The Legend of Ward Valley

This week people from around the state and the entire country will gather in Ward Valley, California to remember and celebrate the 25th anniversary of an historic people’s victory – the shutdown of a proposed nuclear waste dump project that would have endangered the water supply of Arizona, Southern California and Northern Mexico.

It was a victory of over a decade of persistent non-violent resistance by a coalition of Native American tribes and numerous other activist organizations who joined forces in an inspiring example of the impact united people power can have. That power was again shown in the successful campaign leading to the shutdown of the San Onofre Nuclear Generating Station (SONGS) in 2013.

In his book Doing Democracy – The MAP Model for Organizing Social Movements, the late social movement theorist Bill Moyer [not the TV guy] stressed the importance for activists to remember and celebrate their victories.

In honor of the Ward Valley Win celebration we are issuing an updated version of our 1992 film Choicepoint: California’s Water and Radioactive Waste.

In 1989, a small group of Californians –including Phil Klasky, Ward Young, Rachel Johnson, Pam Dake and EON Co-Director Mary Beth Brangan – joined the Fort Mojave Indian Tribe and a few residents of Needles, California to help begin a movement to stop a planned nuclear waste dump at Ward Valley in the Mojave Desert near the Colorado River.  Diane D’Arrigo of NIRS gave expert organizing assistance and Dan Hirsch of Committee to Bridge the Gap and Roger Herried of Abalone Alliance provided technical and procedural help.

Considered by many a hopeless cause at the beginning, over time the movement grew to include scientists, environmentalists and the region’s many Native American tribes.
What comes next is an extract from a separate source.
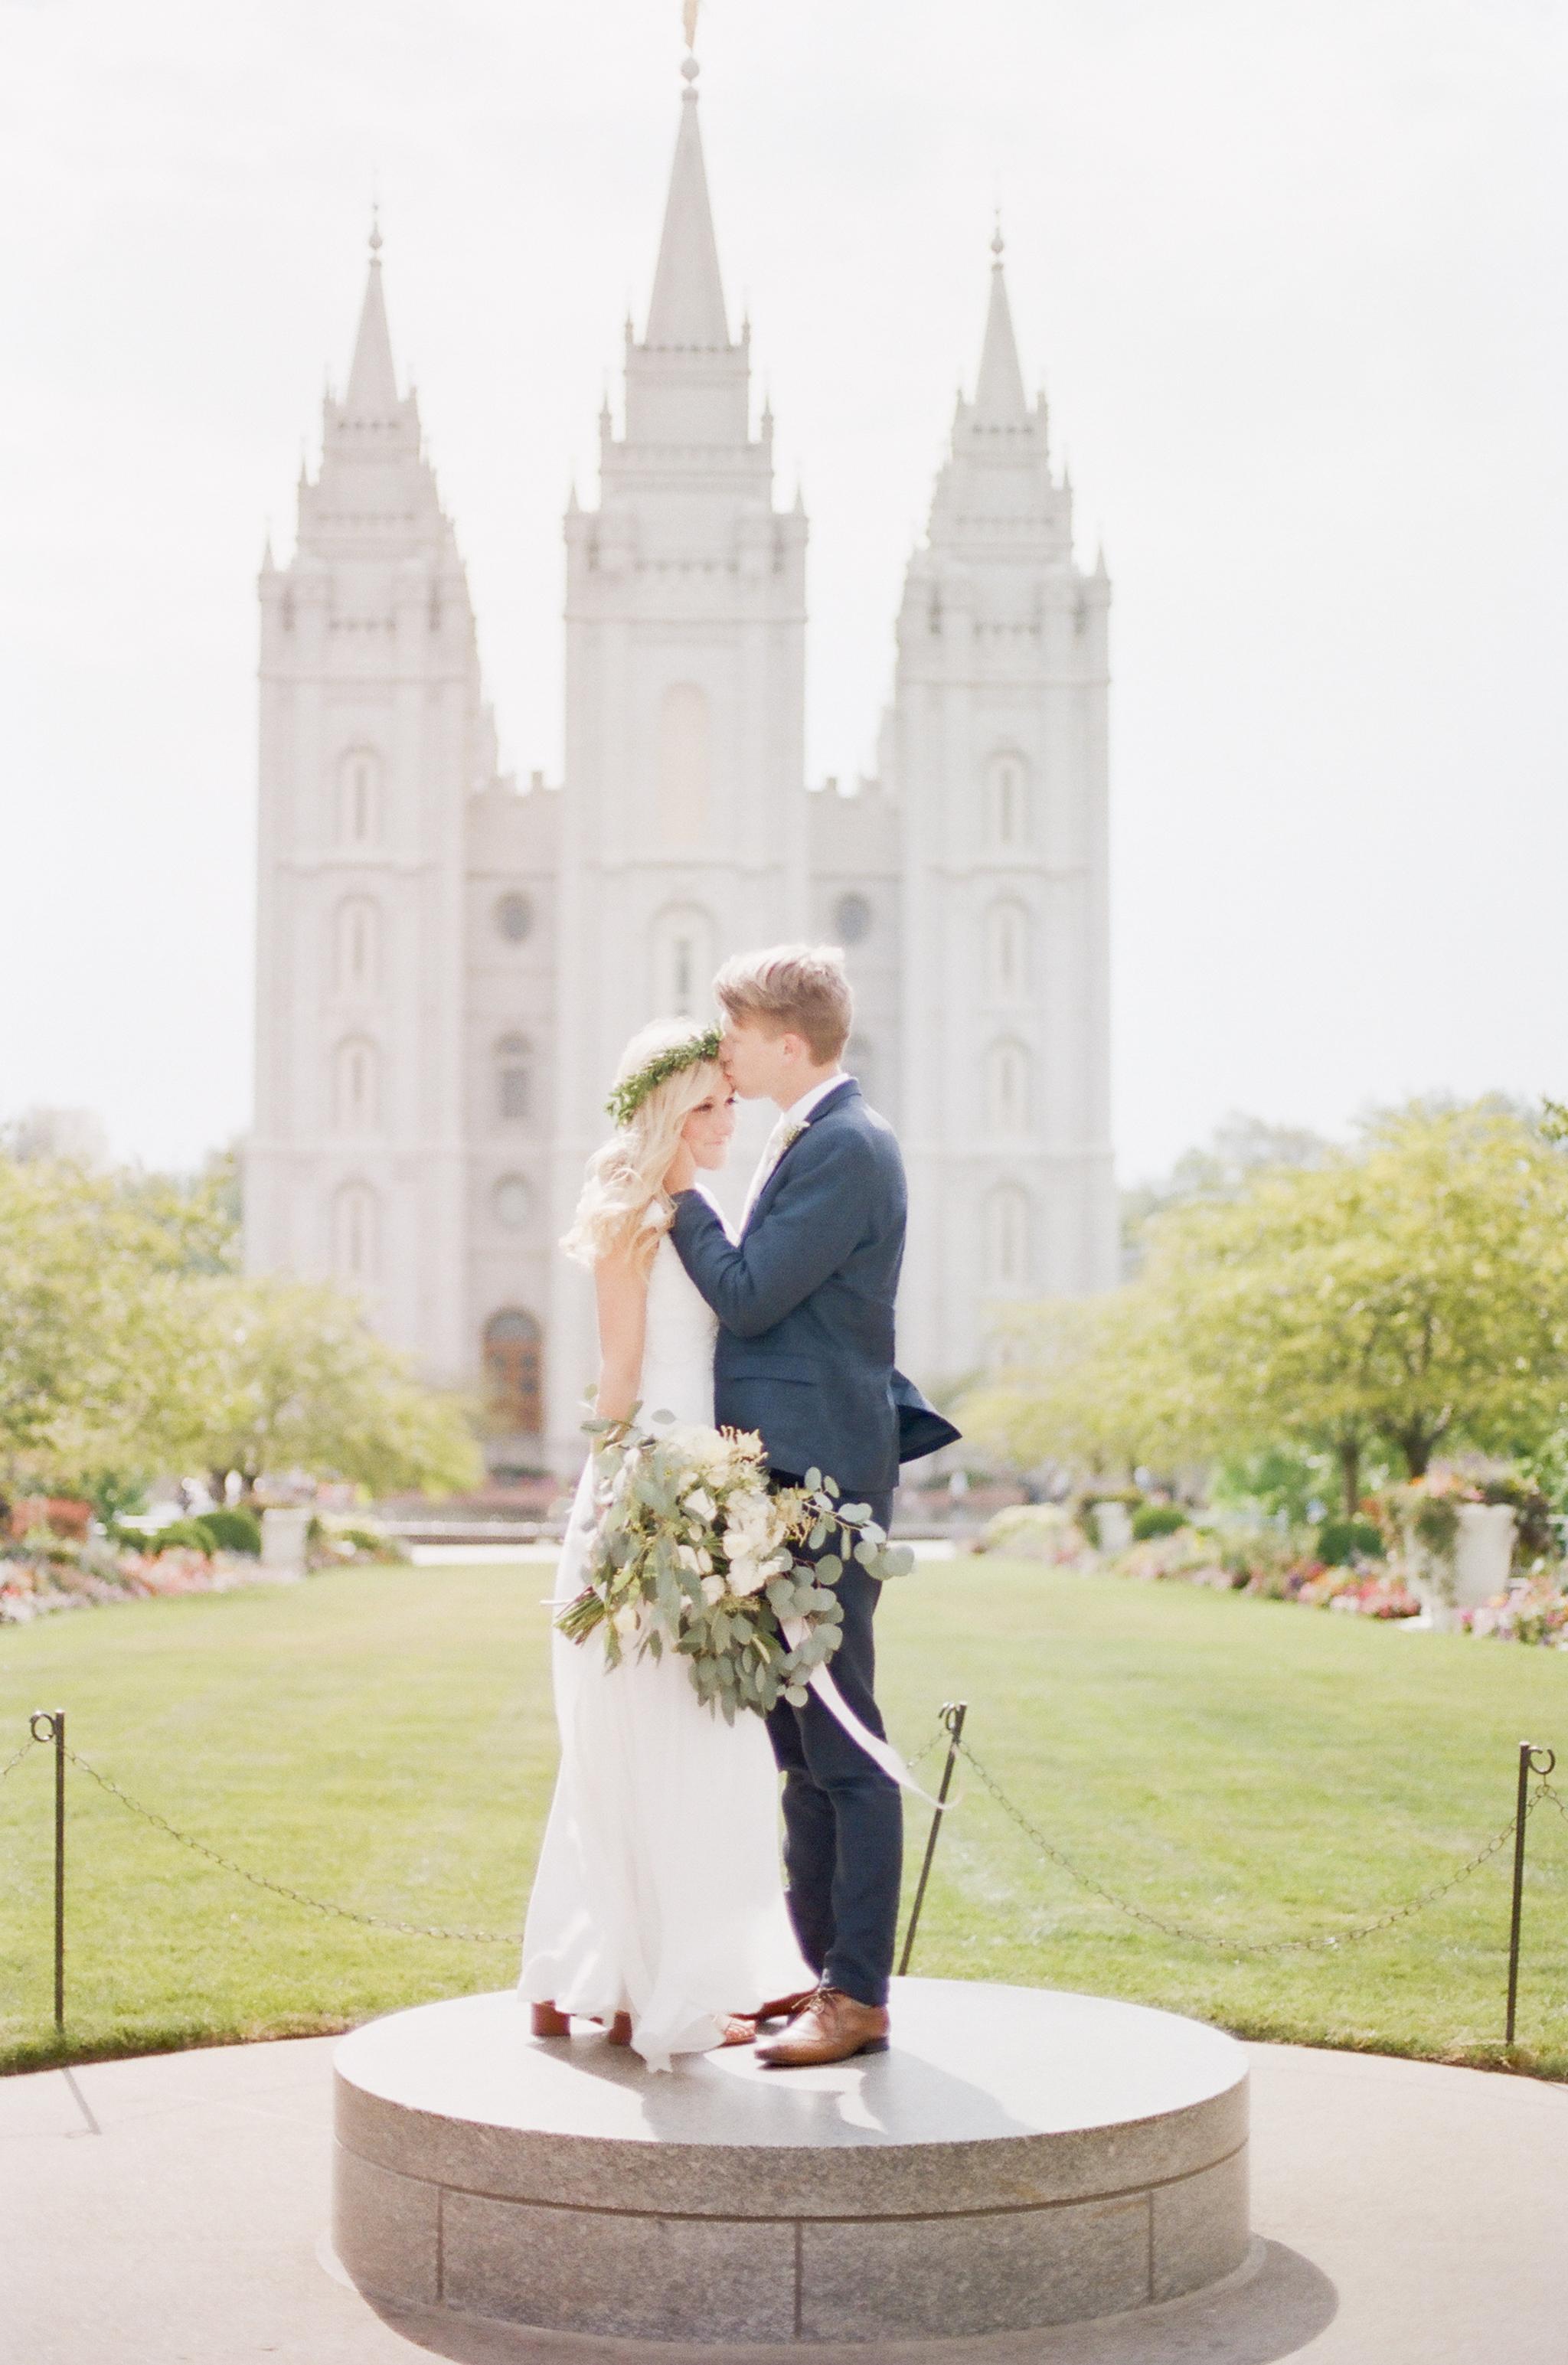 Wynona Benson Photography - Jaleisa & Logan Romantic Elegant Utah Wedding00056.jpg

After a ten-year battle, an peaceful occupation at the proposed site and the powerful involvement of Native American tribal organizers, a judge’s ruling in 1999 brought an end to the planned dump.

This film – produced in thirty years ago and re-mastered from an archival copy – tells the story of that successful movement’s beginning.  It portrays many of the now-fallen peaceful warriors who played important roles in the successful campaign and whose memories will be honored at the Ward Valley gathering.

The film’s analysis of radioactive waste issues is as relevant today as when it was first released.


Mary Beth Brangan and James Heddle Co-Direct EON, the Ecological Options Network.. The EON feature documentary S.O.S. – The San Onofre Syndrome will be released this Spring.